Sürdürülebilir bir hayvansal üretim için önceliğimiz, et ve süt fiyatlarında istikrarlı bir piyasanın oluşmasını sağlamak olmalıdır. Diğer taraftan et fiyatlarında yaşanan artışların bazı kesimlerce daha fazla fırsata çevrilmesine de karşıyız. Özellikle Ramazan ayında marketlerde halkı et tüketmekten mahrum edecek fiyat artışlarına karşı denetimler daha fazla artırılmalıdır.

Yüksek maliyetle yetiştirilen ürünlerin marketlerde çok farklı fiyatlara satılması, artan enflasyonla birlikte tüketicinin alım gücünü iyice azaltıyor.

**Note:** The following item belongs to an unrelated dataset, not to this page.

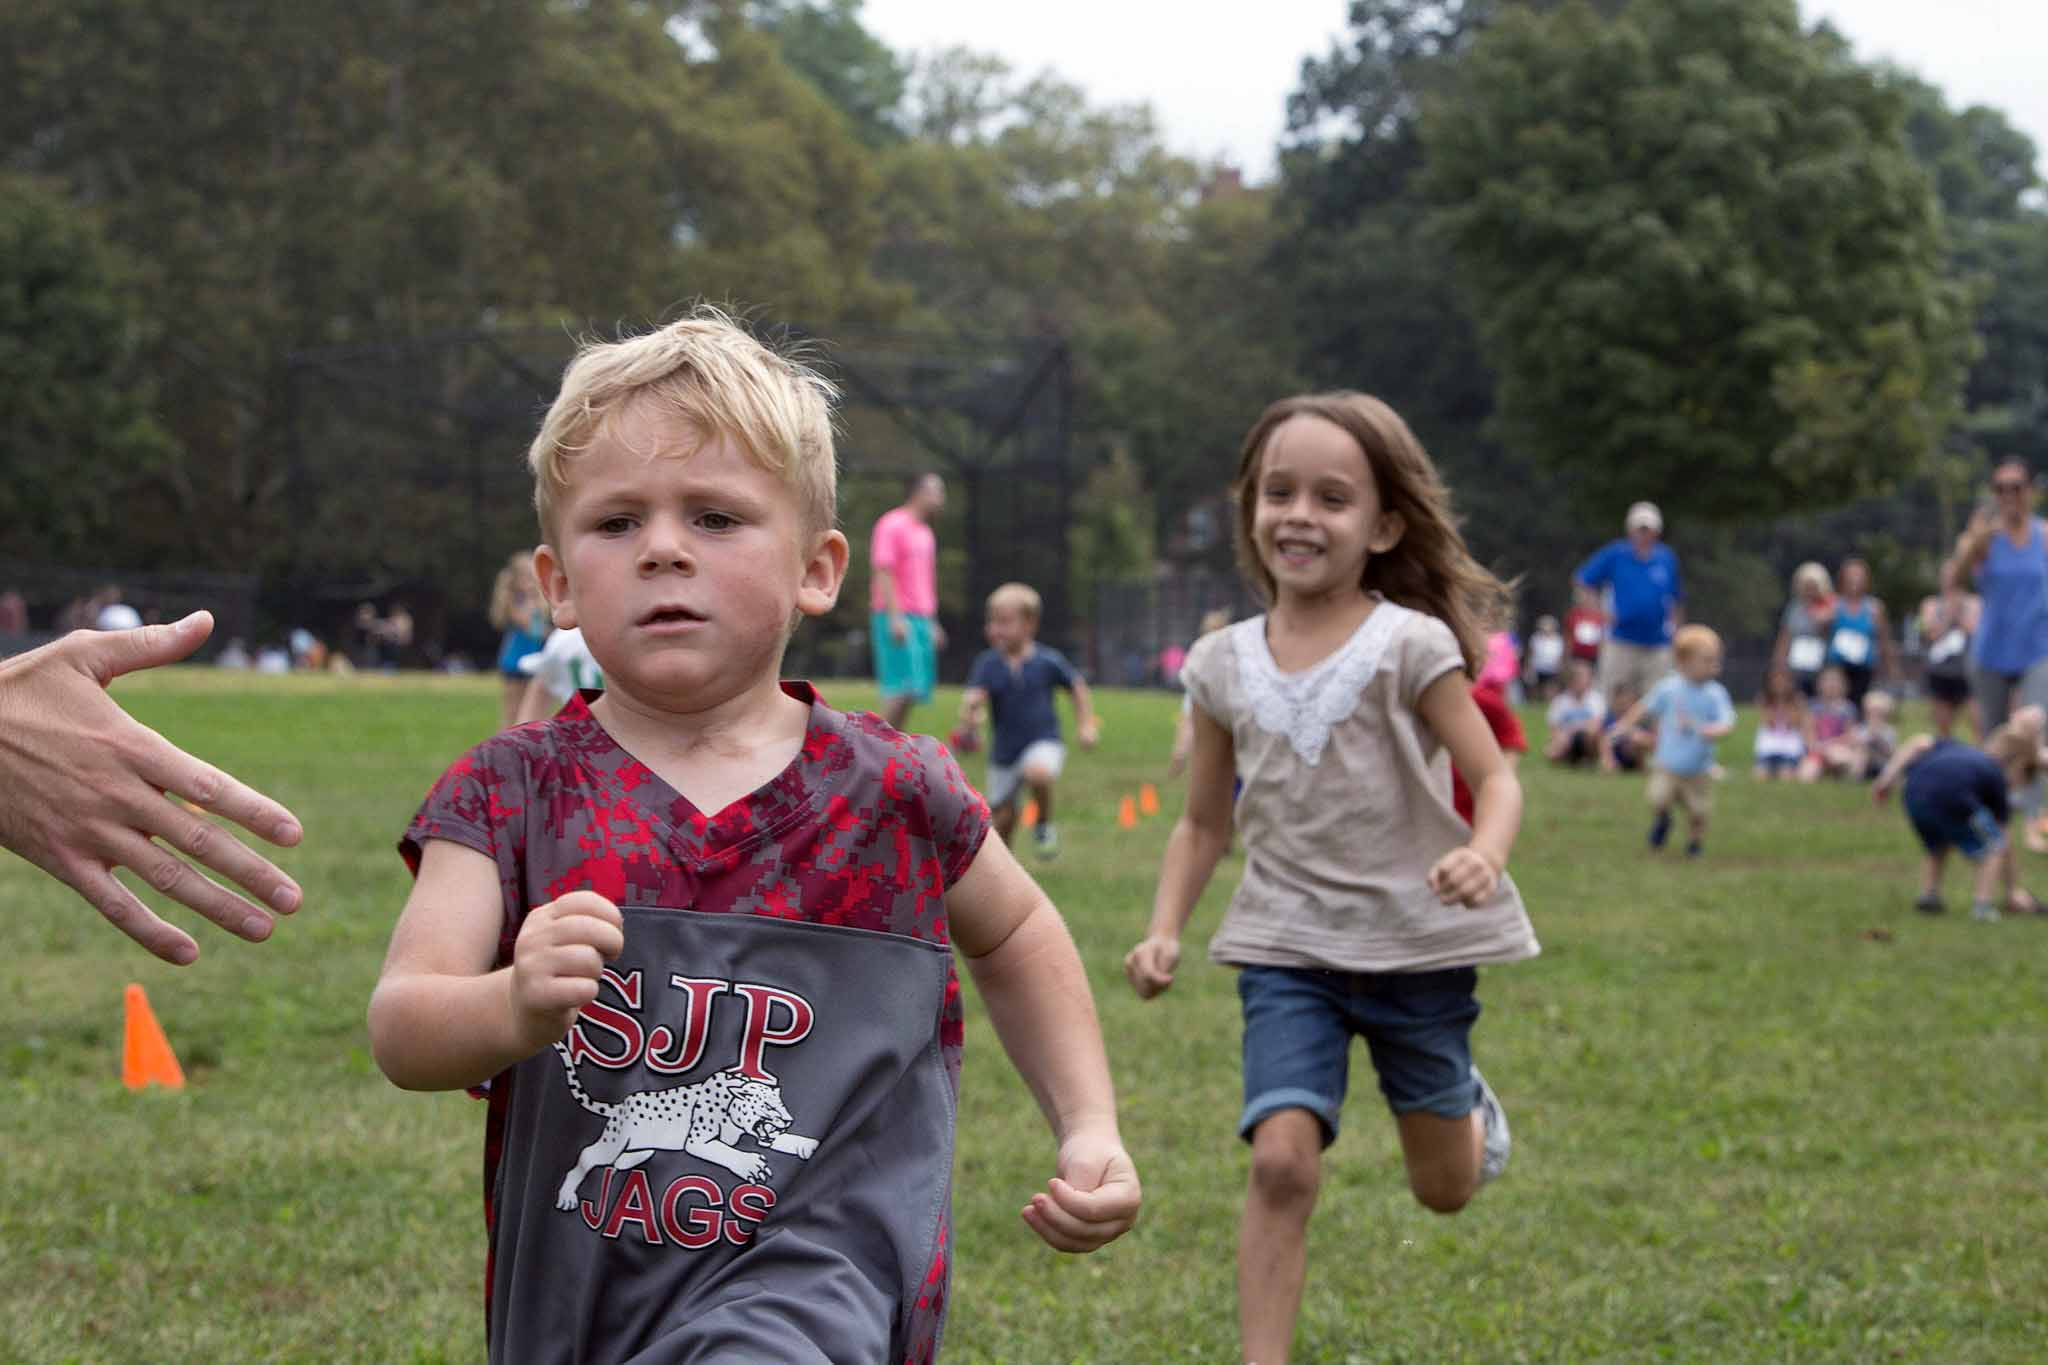 192-Woodlawn Run for a Cause-566.jpg

Tüketicilerimiz, özellikle de emekliler hangi ürün hangi markette daha düşük fiyata satılıyor arayışına girdi. Ülkemizin içinde bulunduğu ekonomik şartlar nedeniyle ürün fiyatları marketlerde çok sık değişiyor. Maliyetler sebep gösterilerek marketler arası aynı marka ürünler ve et ürünleri farklı fiyatlara satılıyor.

Türkiye Ziraat Odaları Birliği olarak 4 farklı marketten ve bir marketin online sitesinden, temel tüketim malzemeleri içinden seçilen 8 gıda ürününün aynı marka ve miktardaki fiyat değişimlerine yönelik çalışma yaptık. Yaptığımız çalışma sonucunda ürünlerin belirli markalar tarafından paketlenmiş fiyatı marketten markete oldukça değişkenlik gösterdiği görüldü.

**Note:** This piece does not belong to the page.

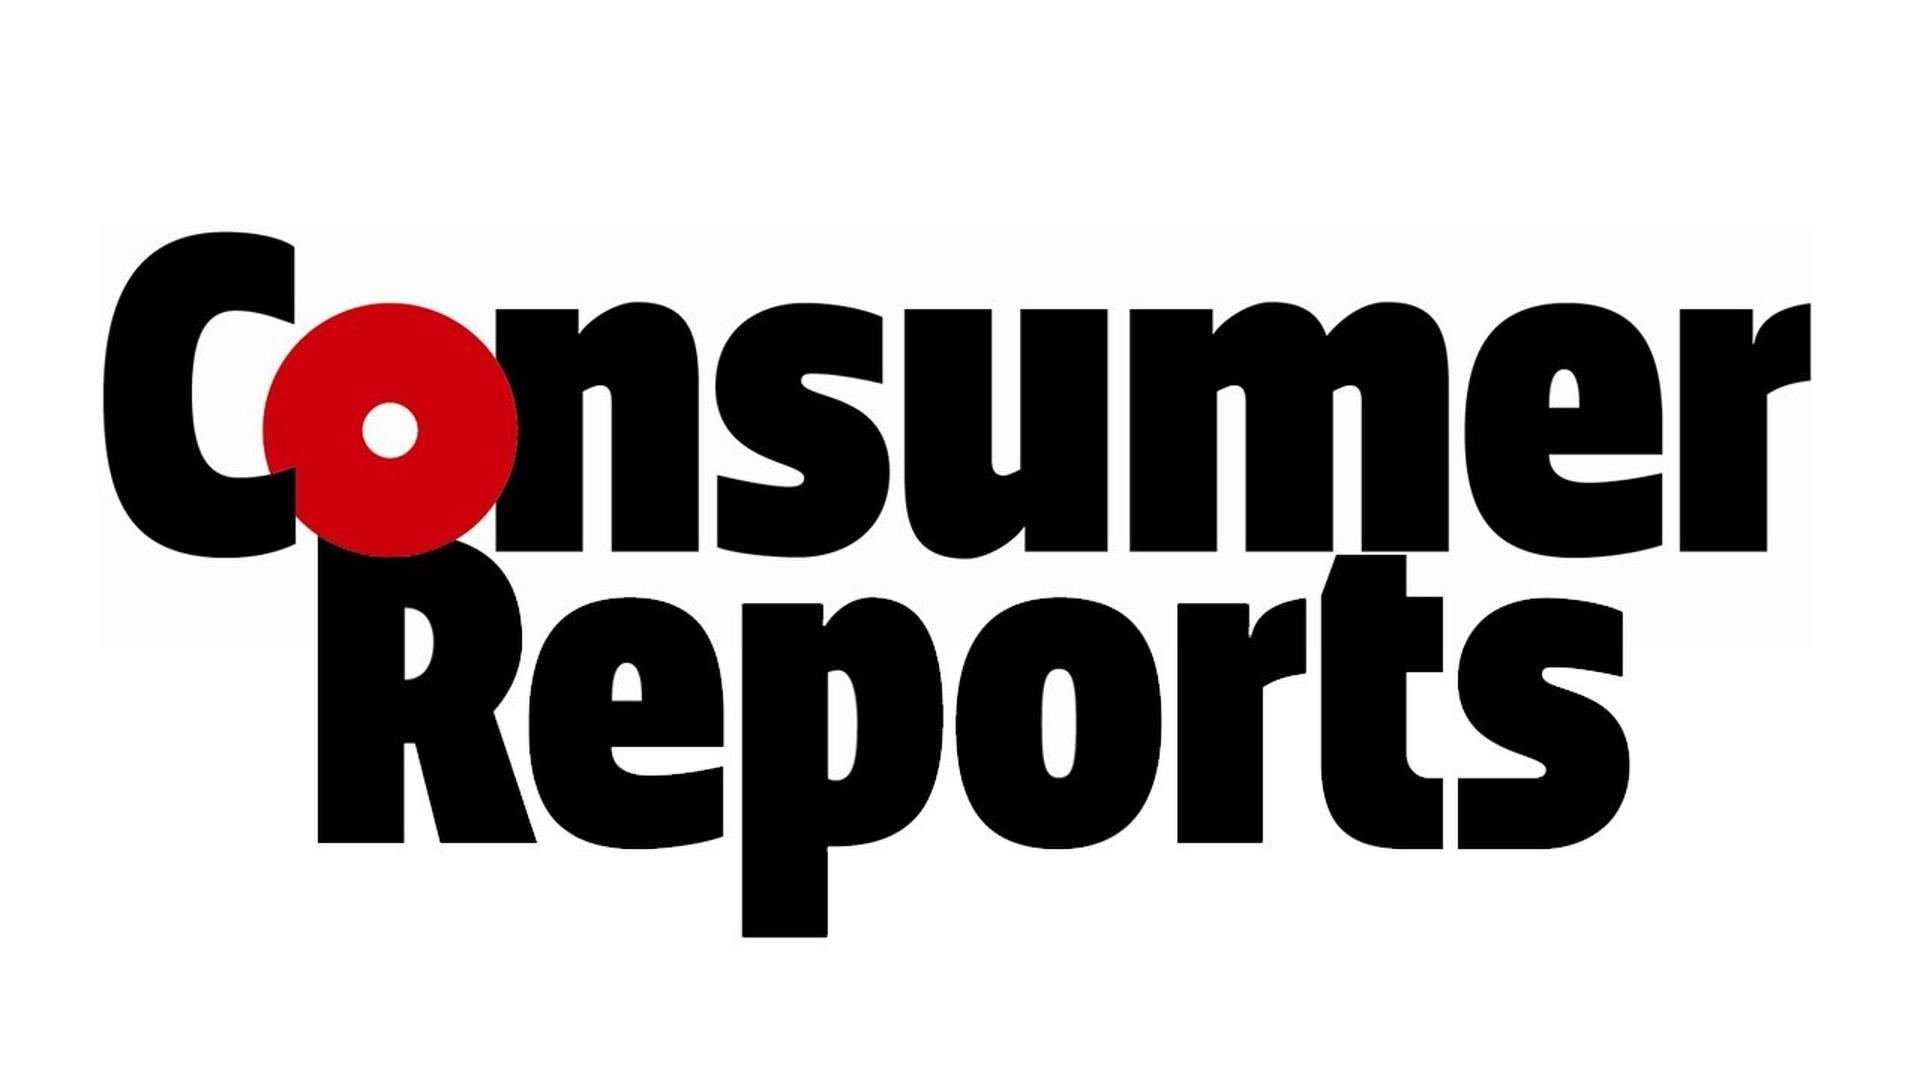 dating.com reviews consumer reports 2016 car shows

Et ve süt ürünlerinde; dana kuşbaşında yüzde 69 buçuk, tereyağında yüzde 40,2, kuzu kuşbaşında yüzde 38,4, bütün tavukta yüzde 23,3, yoğurtta yüzde 8,4, bitkisel ürünlerde ise; yeşil mercimekte yüzde 25,2, pirinçte yüzde 13,7, nohutta yüzde 5,6’ya varan oranlarda değişimler olduğu tespit edildi.

1 kilogram dana kuşbaşının fiyatı, A markette 354 lira, B markette 490 lira, C markette 465 lira, D markette 530 lira ve D marketin online satışında 600 liradır. Dana kuşbaşının farklı marketlerdeki fiyatı, yüzde 69 buçuk oranına kadar değişiyor.

1 kilogram tereyağının paketlenmiş Y markasının fiyatı, A ve C markette 299 lira, D markette ve D marketin online satışında 420 liradır. Tereyağında aynı markanın farklı marketlerdeki fiyatı, yüzde 40,2 oranına kadar değişiyor.

1 kilogram kuzu kuşbaşının fiyatı, A markette 575 lira, B markette 599 lira, C markette 610 lira, D markette 796 lira, D marketin online satışında 716 liradır. Kuzu kuşbaşının farklı marketlerdeki fiyatı, yüzde 38,4 oranına kadar değişiyor.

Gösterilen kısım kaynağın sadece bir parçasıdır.